Le argomentazioni svolte al riguardo nel ricorso - incluse quelle
riferite alla pretesa preesistenza al giudicato di titoli abilitativi
sananti tacitamente formatisi - avrebbero potuto e dovuto essere svolte
nel corso delle due fasi di merito del giudizio. 2. Correttamente
è stata denegata la sospensione del procedimento, a fronte
dell'istanza di condono edilizio (ai sensi del D.L. n. 269 del 2003,
art. 32, convertito dalla L. n. 326 del 2003 e della L.R. 16 aprile
2003, n. 4) presentata dal condannato in data 7.12.2004. Il termine per
l'adempimento, infatti, è scaduto dal lontano 7.1.2001.
Detto termine - per il principio della obbligatorietà ed
effettività della pena - integra un elemento essenziale
della concessione subordinata del beneficio ed entro la durata di esso
deve essere assolto l'obbligo condizionante, salve le ipotesi (nella
specie insussistenti) di impossibilità assoluta non
dipendente da proprio atto volontario, sicché
legittimamente, in sede esecutiva, dall'ingiustificato decorso
infruttuoso di esso è stato fatto derivare il venire meno
del beneficio.
La subordinazione della sospensione condizionale della pena ad un
obbligo da adempiere entro un determinato termine, assolve, infetti,
alla funzione di dimostrare che il reo è meritevole del
beneficio anzidetto, sicché solo la presenza di fatti a lui
non imputabili e tali da escludere la possibilità di
eseguire quanto prescritto, entro il periodo stabilito, impedisce la
revoca del beneficio. La intervenuta scadenza del termine (stante
l'essenzialità dello stesso per le finalità
perseguite dall'art. 165 cod. pen.) rende irrilevante, pertanto, ai
fini della revoca del beneficio, ogni questione circa la
possibilità di sanatoria (c.d. condono edilizio)

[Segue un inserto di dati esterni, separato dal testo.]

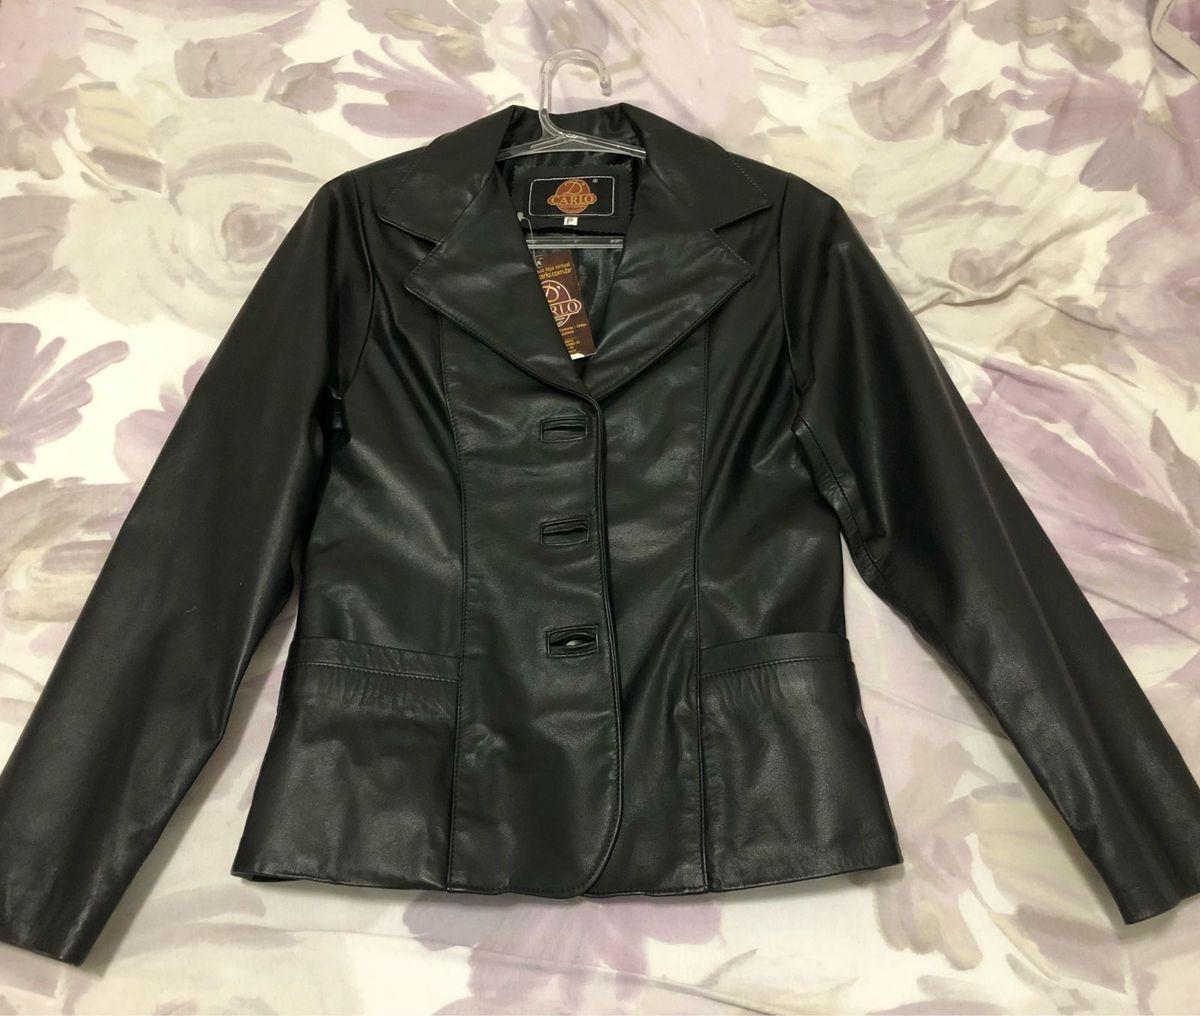 db95a448d jaqueta de couro legítimo - casaquinhos d'carlo.  Czm6ly9wag90b3muzw5qb2vplmnvbs5ici9wcm9kdwn0cy82oduxndu5lzq0zjhiytrmymuzztlmyti2otgwmtnlztexotdlmgiwlmpwzw

riconosciuta dal D.L. 30 settembre 2003, n. 269, art. 32, convenite con
modificazioni dalla L. 24 novembre 2003, n. 326 (vedi Cass., Sez. 3^,
24.2.2004, Borrello ed altra).
Questa Corte ha già evidenziato, in proposito, che il
rilascio di concessione in sanatoria e, comunque, l'adozione di
provvedimenti della P.A. incompatibili con l'ordine di demolizione
impartito con la sentenza di condanna, successivamente al passaggio in
giudicato della decisione medesima, può incidere sulla
concreta eseguibilità della demolizione, ma non incide sulla
revoca della sospensione condizionale della pena ove intervenga in
epoca successiva alla scadenza del termine per L'adempimento della,
condizione cui la sospensione è subordinata.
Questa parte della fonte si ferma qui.